Diet is one of the biggest flare triggers. Research from the National Institute of Diabetes and Digestive and Kidney Diseases identifies several common culprits: citrus juices, coffee, tea, soda, alcohol, tomatoes and tomato-based sauces, spicy foods, chocolate, and artificial sweeteners. If you notice the burning tends to follow specific meals or drinks, keeping a food diary for a couple of weeks can help you identify your personal triggers. Many people with interstitial cystitis find that eliminating a few key foods dramatically reduces their symptoms.
Causes Specific to Men
Prostatitis, or inflammation of the prostate gland, is a common cause of burning urination in men. The chronic form produces symptoms that come and go or stay mild all the time: burning or pain during urination, discomfort in the groin or lower back, and sometimes pain during or after ejaculation. The acute form hits suddenly and severely, with fever, chills, and intense burning.
Pain that appears after urination rather than during it can point to a prostate or bladder issue rather than a urethral one. Chronic prostatitis sometimes also causes pain in the urethra or penis that lingers after you’ve finished urinating. This pattern is distinct from a UTI, where the burning is typically worst during the stream itself.
Causes Specific to Women After Menopause
Declining estrogen levels during and after menopause cause the tissues lining the vagina and urethra to become thinner, drier, and more fragile. This condition, called genitourinary syndrome of menopause, affects up to half of postmenopausal women. The thinned urethral tissue is more vulnerable to irritation, which can produce burning during urination along with increased urgency and frequency. Because hormone levels fluctuate, especially during perimenopause, the symptoms can appear intermittently before becoming more consistent.
How to Figure Out What’s Causing Yours
Start by noticing the pattern. When does the burning happen: every time, or only on certain days? Does it correlate with how much water you’ve had, what you ate or drank, sexual activity, or products you used? Burning that shows up after coffee, alcohol, or a dehydrated day and disappears with a few glasses of water is likely concentration or dietary irritation. Burning that comes with cloudy urine, odor, or fever is more likely infectious.
Over-the-counter UTI test strips, which detect white blood cells and bacteria byproducts in your urine, have a sensitivity around 99 percent and specificity of 98 percent. They’re a reasonable first step if you want to check before making an appointment. A positive result means a UTI is very likely.
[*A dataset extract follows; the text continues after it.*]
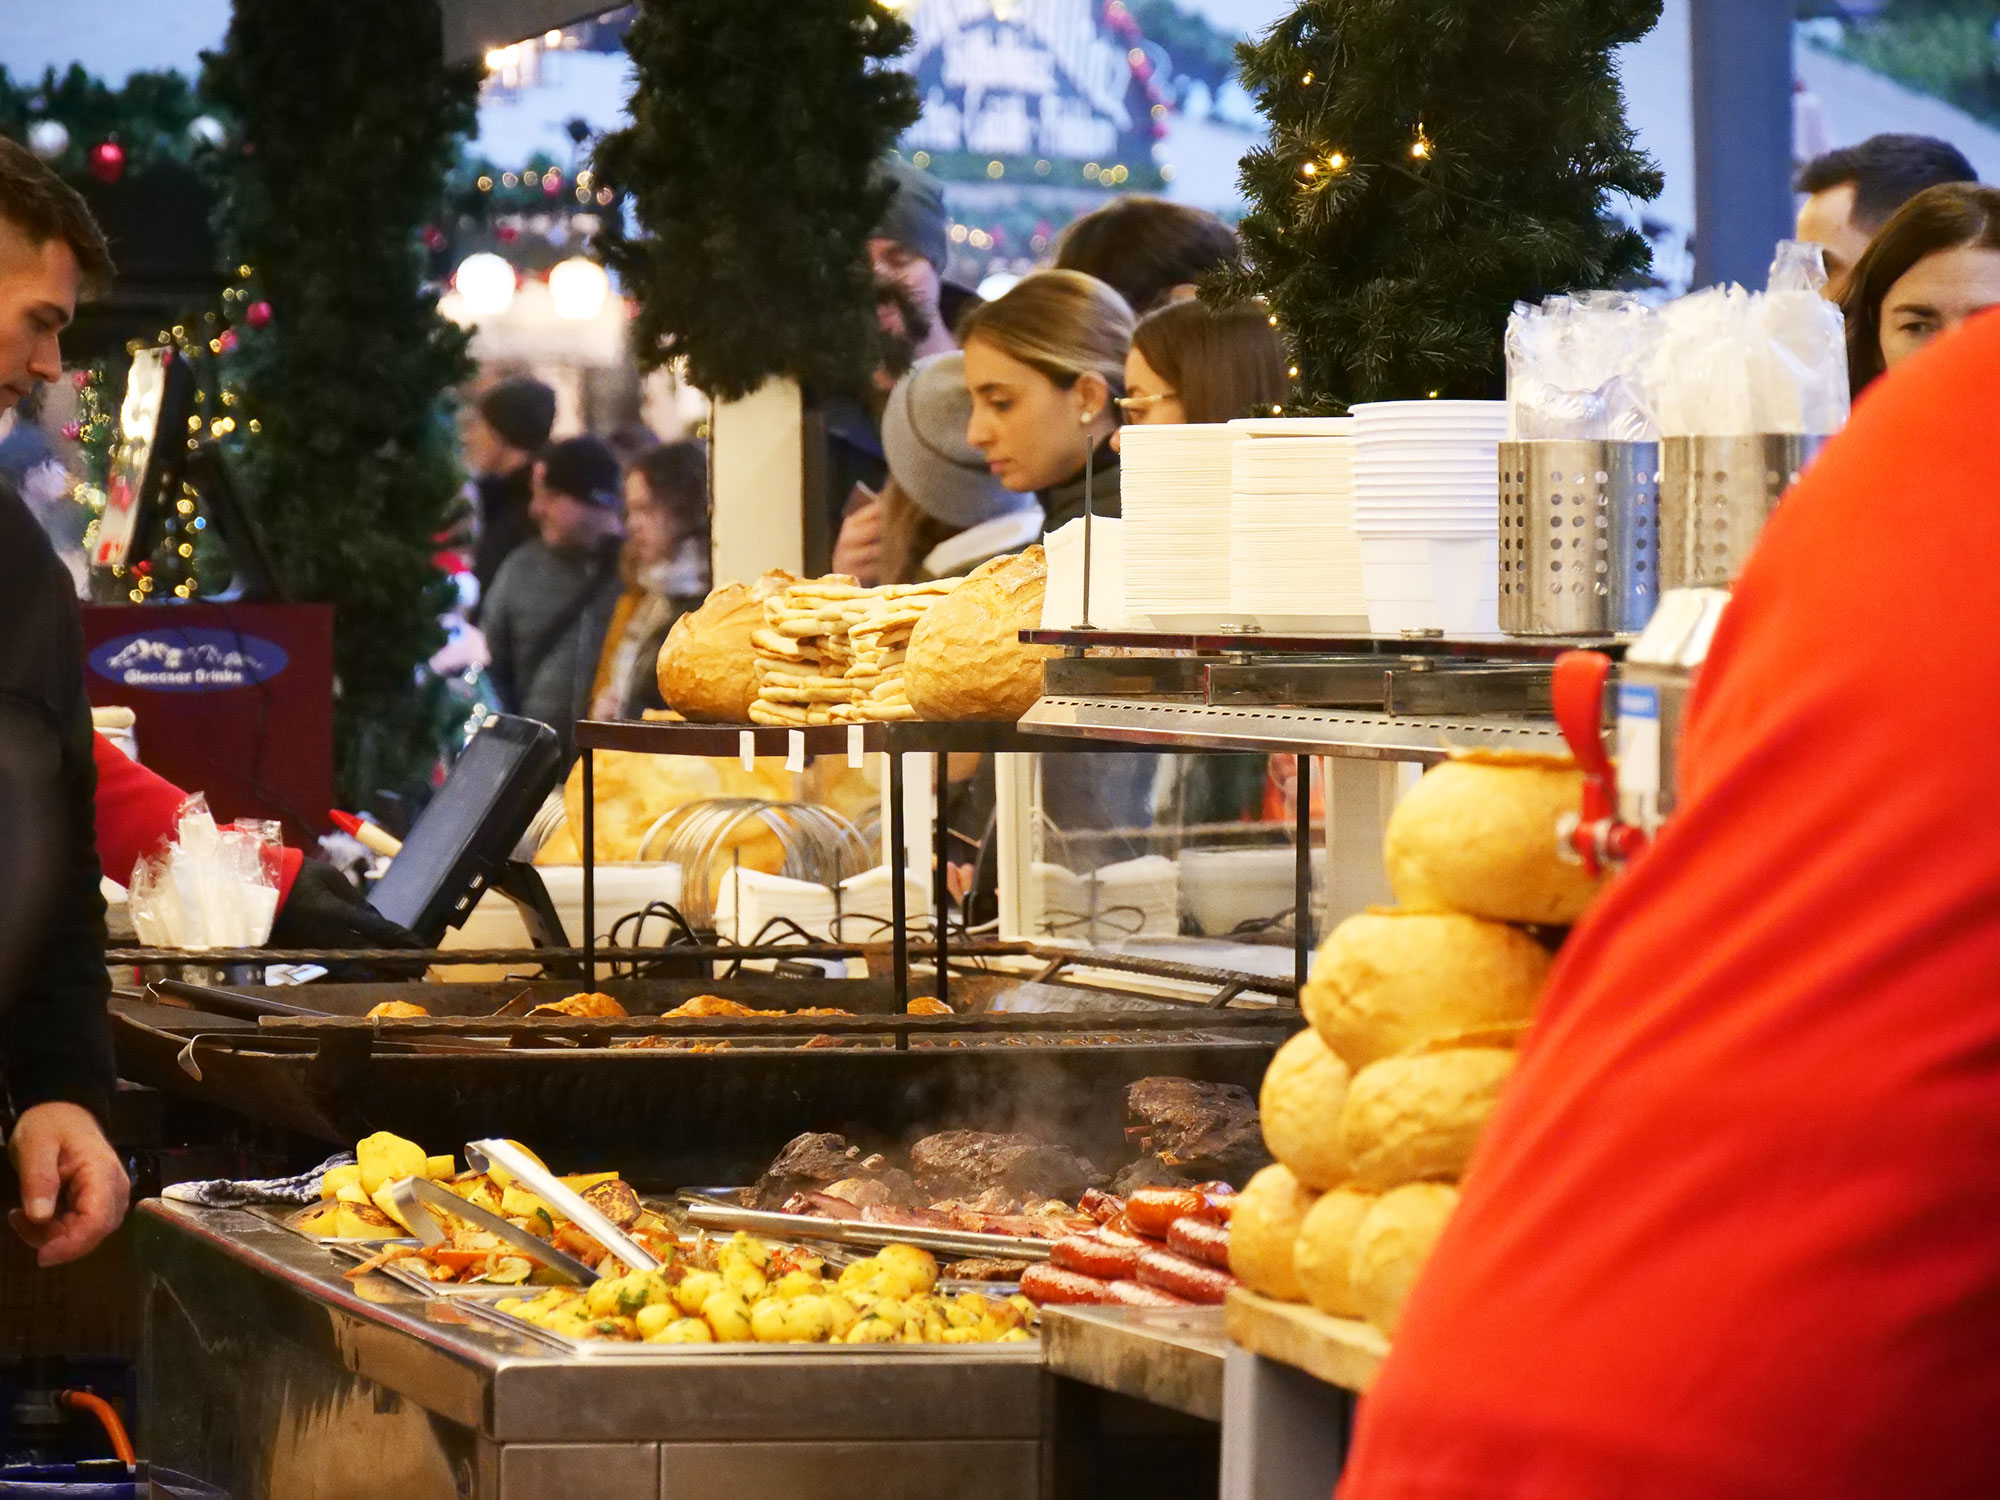 Olcsóbban lehet enni egy belvárosi hotel éttermében, mint a Vörösmarty téri karácsonyi vásáron – kiakadt a belvárosi ellenzéki képviselő

A negative result makes infection less probable, though it doesn’t rule out STIs or non-infectious causes.
Symptoms That Need Prompt Attention
Most causes of intermittent burning are manageable and not dangerous, but certain symptoms alongside the burning signal something more serious. Fever suggests the infection may have spread beyond the bladder. Back pain or pain in your side (flank pain) can indicate a kidney infection. Blood in the urine, foul-smelling or very cloudy urine, or unusual discharge from the penis or vagina all warrant a medical visit rather than a wait-and-see approach. Pregnant women should flag any urinary burning to their care team, since even mild UTIs during pregnancy carry higher risks.